Council member Bruce Johnson asked the chief if a bar owner could be ticketed for a violation, even if they were not complicit in the act.

The police chief said bar or restaurant owners would have to knowingly allow a patron to leave their licensed premises with an open container of alcohol for a violation to occur.

“So, it’s not something where we (officers) would go back to them if someone snuck it (container) out,” Bump said. “Not only does it have to be more of an overt act, or an act of ignoring the problem and not addressing it.
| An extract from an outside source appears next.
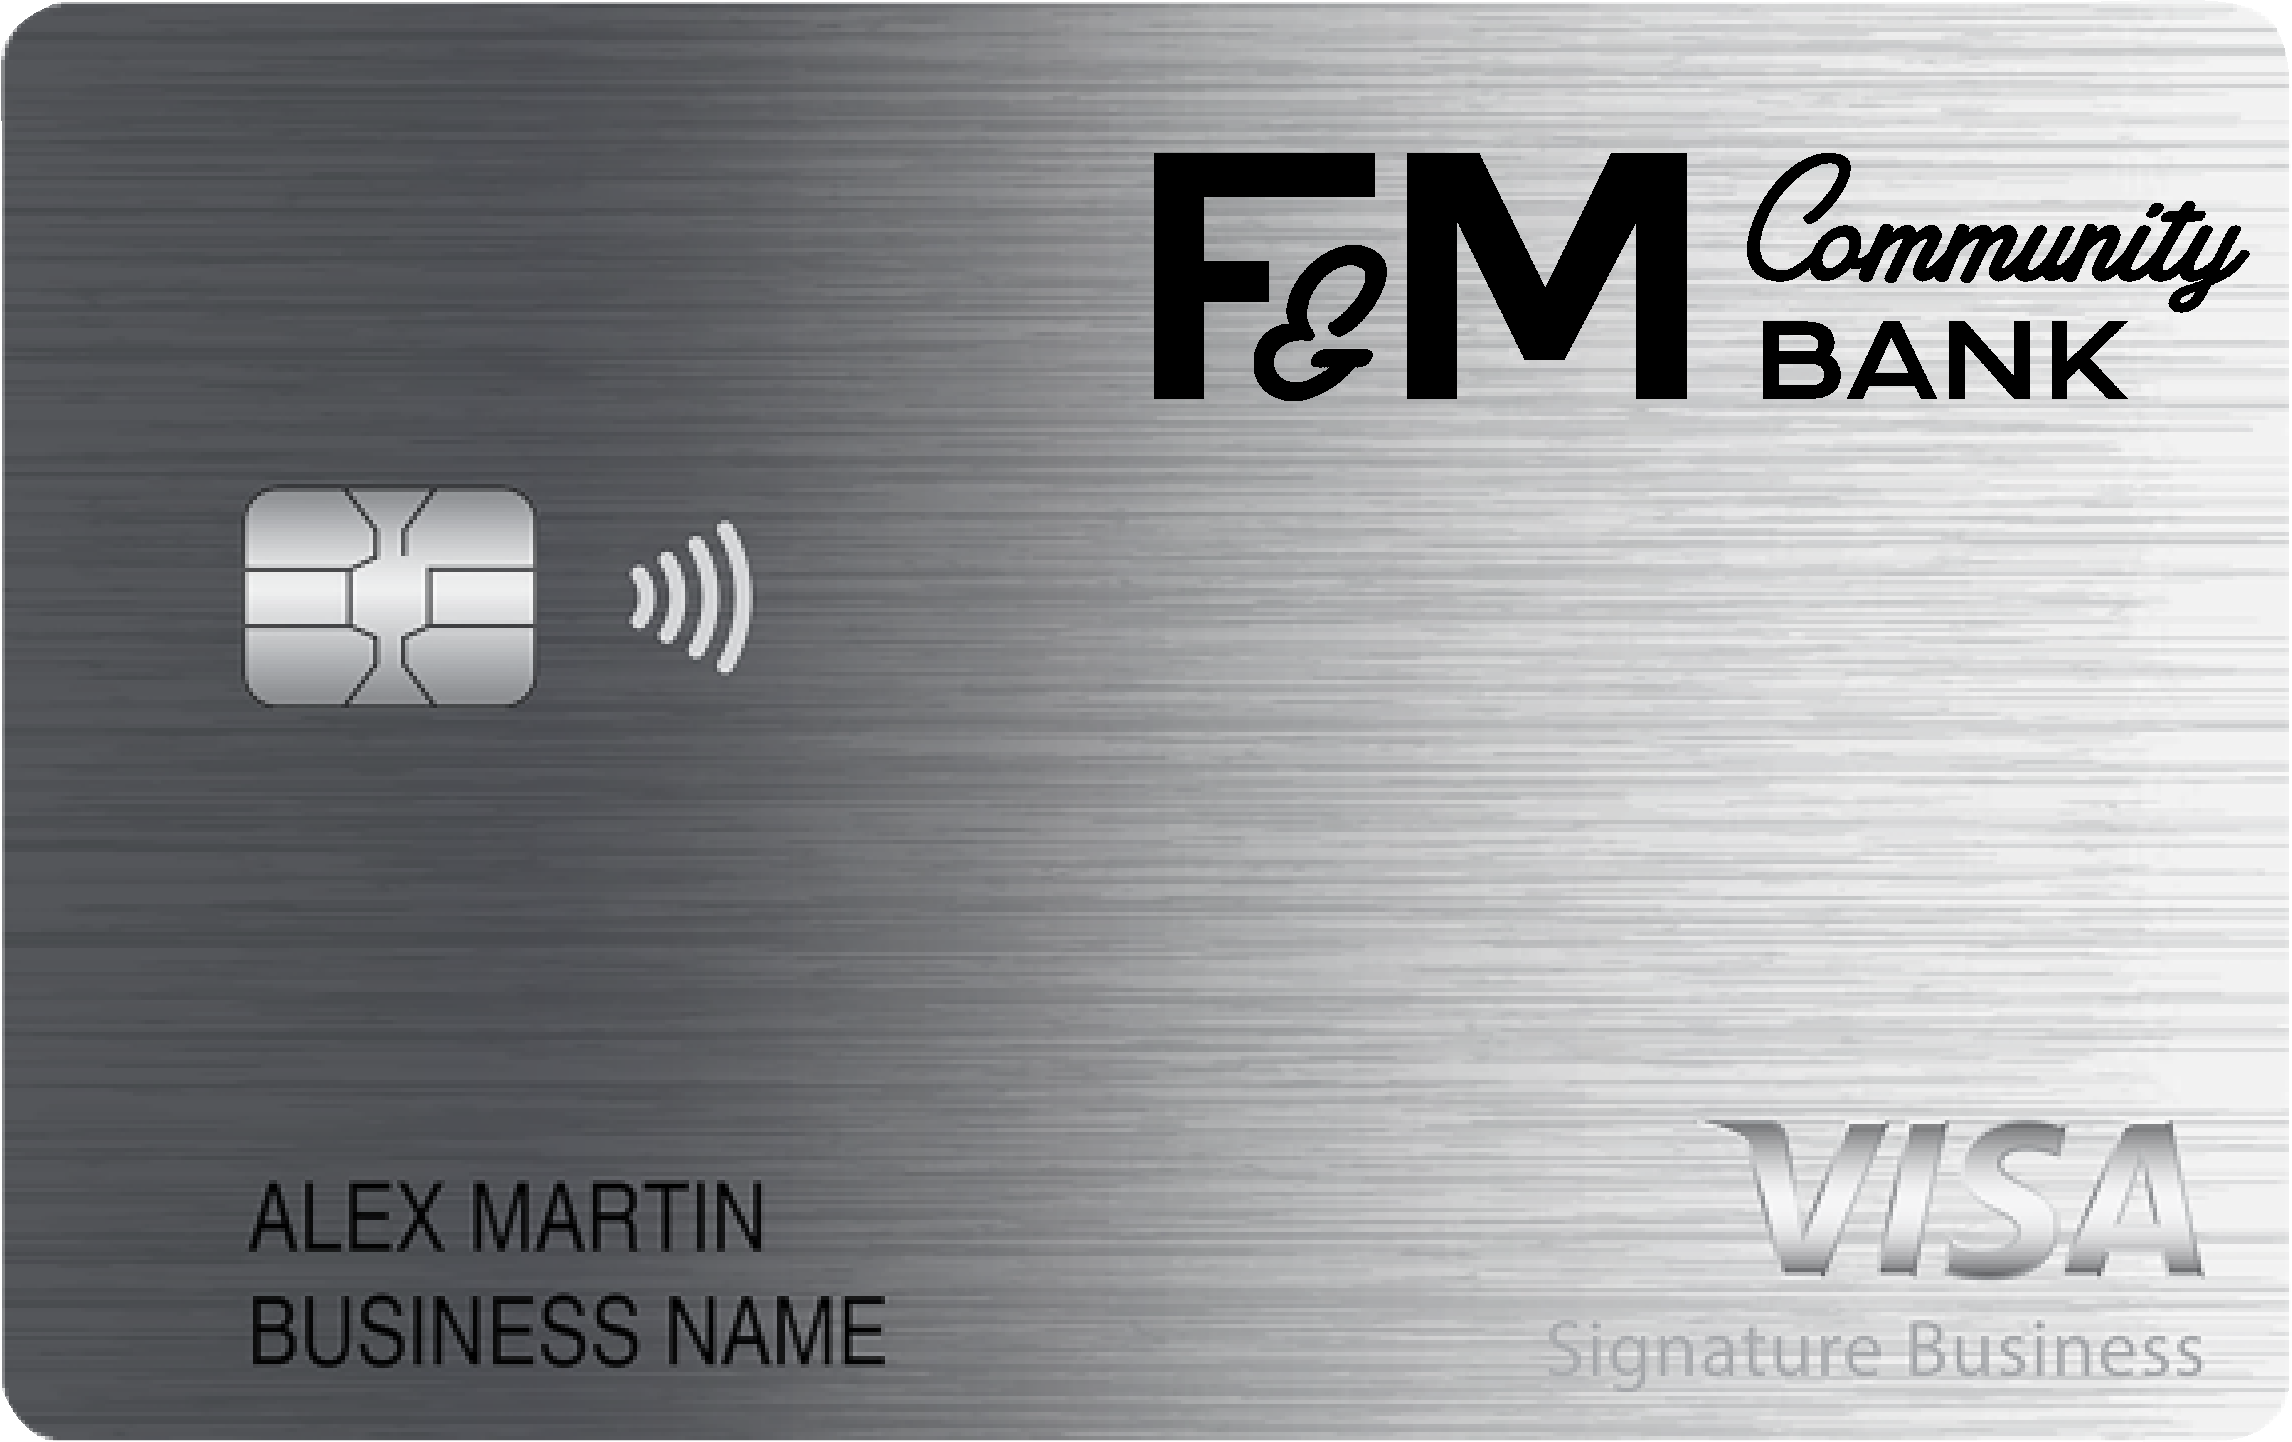 F & M Community Bank Smart Business Rewards Card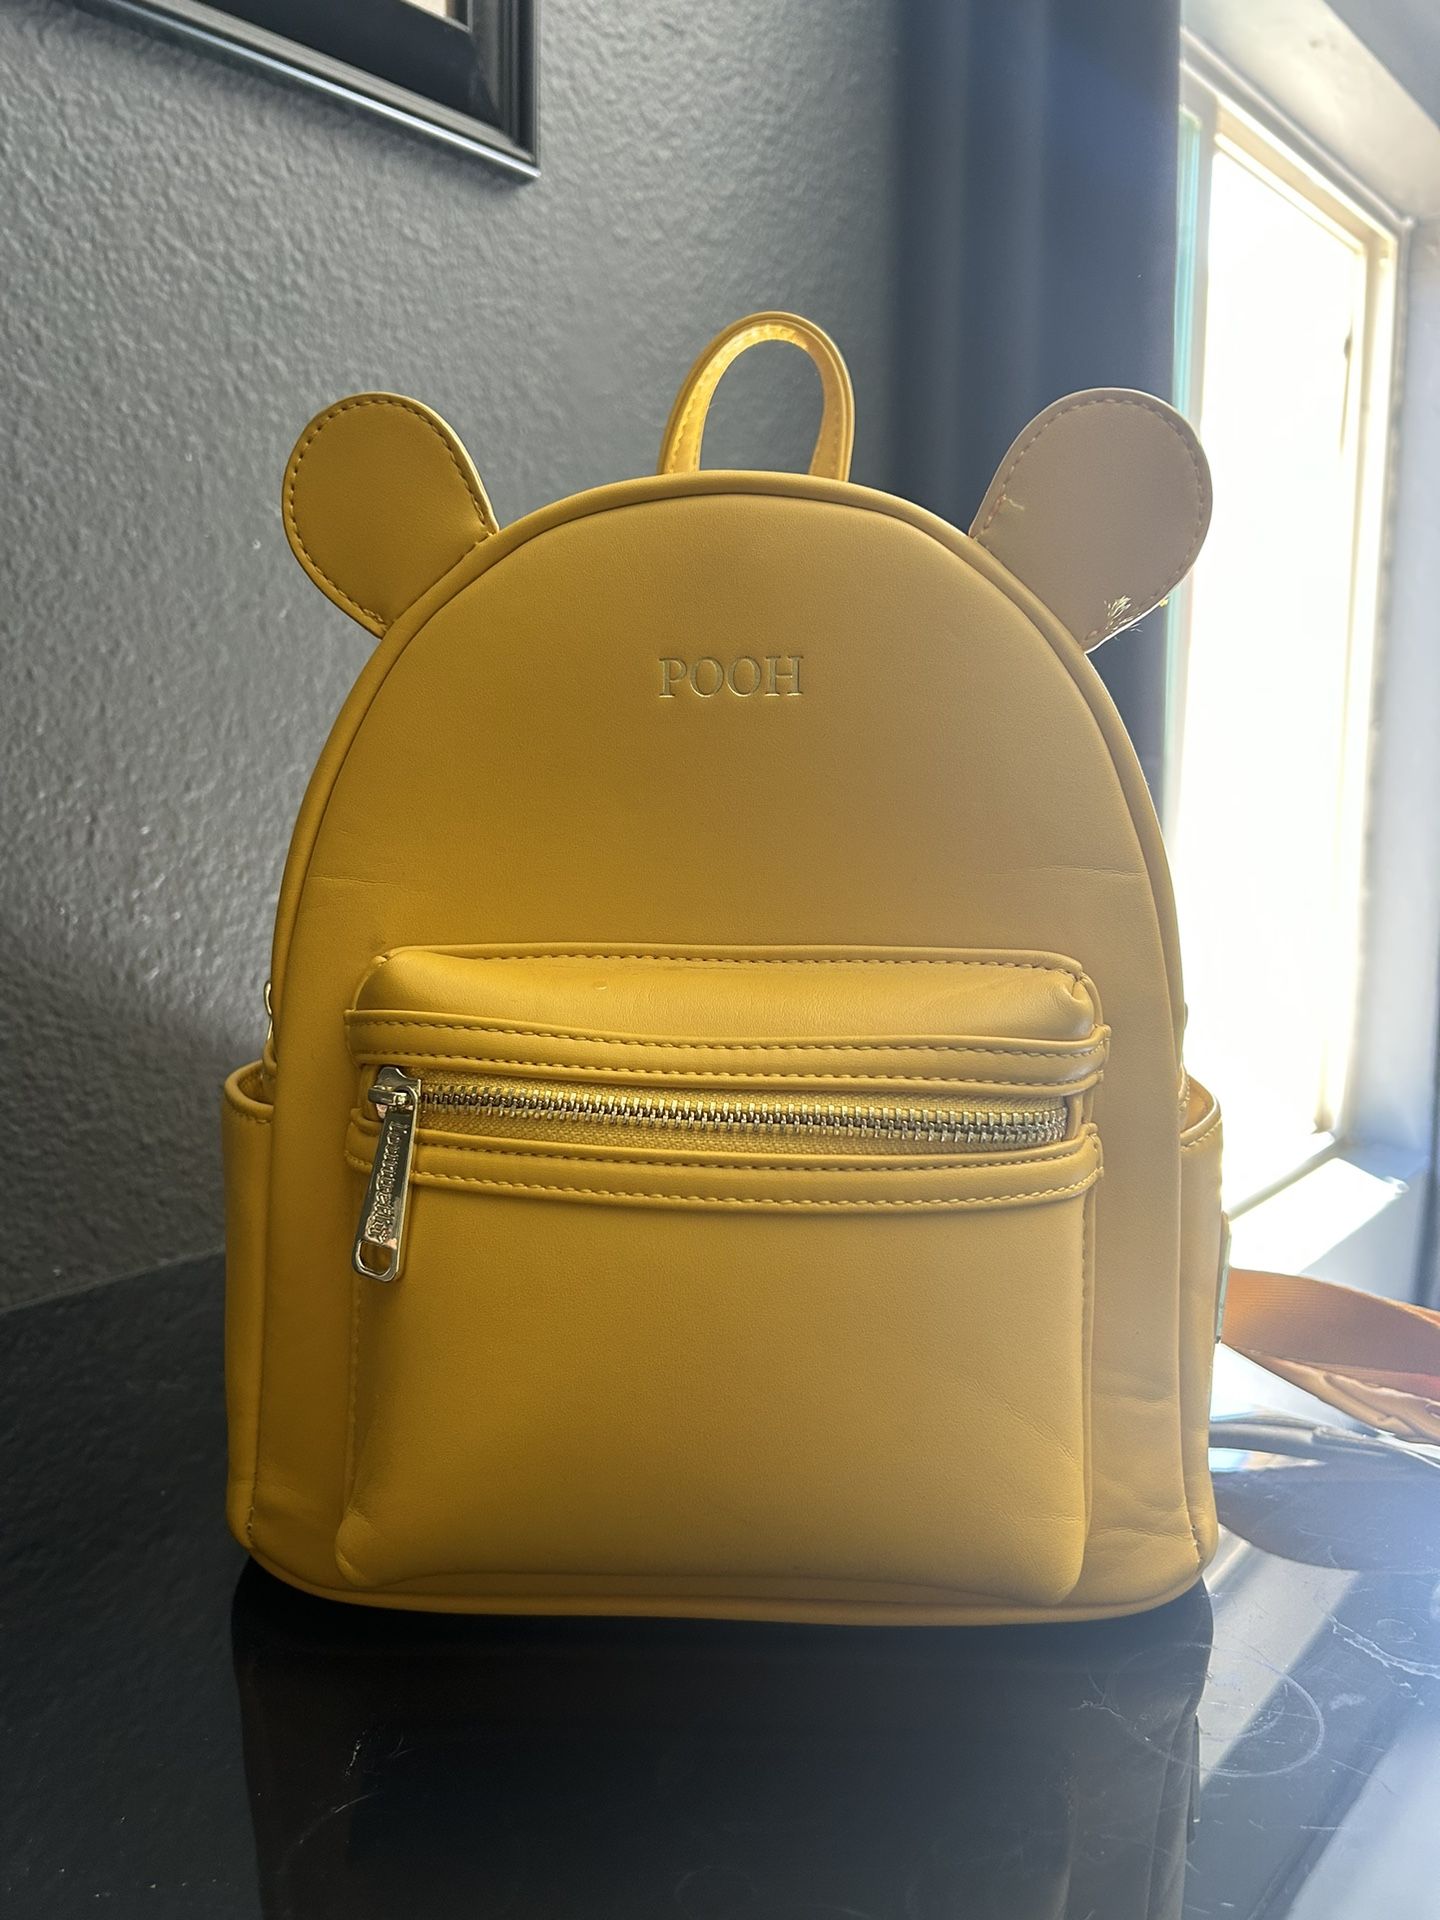 Pooh Disney Backpack

But also don’t lose sight of the fact that our officers use discretion in all that we do.”

In fact, he said, his officers view the situation from multiple perspectives.

“And our goal is not to go after our establishment owners,” Bump insisted. “We (police) really rely on that positive relationship in so many things that we do when they’re involved with a call for service that we have.”

It’s not the police department’s intent, he said, to “proactively go out and look for this violation so we can address it — it’s a matter of having the ability to address it when it comes to our attention.”

Therefore, the chief said he sees his police officers issuing lots of warnings first, like they currently do.

“We do bar checks sporadically year-round, and sometimes we do run into violations that are on the fault of the bar or restaurant,” Bump stated. “Since I’ve been here, the last seven years we have not written citations to bartenders or owners for these violations.

“We address it, we alter the behavior immediately and then we move on with our day,” he continued, “because we want to maintain that positive relationship that we have.”

But, if officers ever encounter a problem that’s continuous, and their efforts to educate and reduce the behavior is not working, they “need to be able to step forward with enforcement action, and that’s really our goal.”

Council member Mason Becker appreciated the clarifications that the police chief offered and said that licensed establishments can “rest assured” that the ordinance change is a good thing.

“I think municipal judges are going to have a little bit more leeway, and they’re going to be able to recognize — not that I think this will happen, but—if the police department were to be misapplying the law, or if the judge felt that they (officers) were being overly punitive towards a local establishment,” Becker said. “A local judge is going to have a lot more leeway in determining discretion there versus a county judge.

“I think this makes sense, and it’s state statute anyway,” he added. “So, I’m supportive of this ordinance.”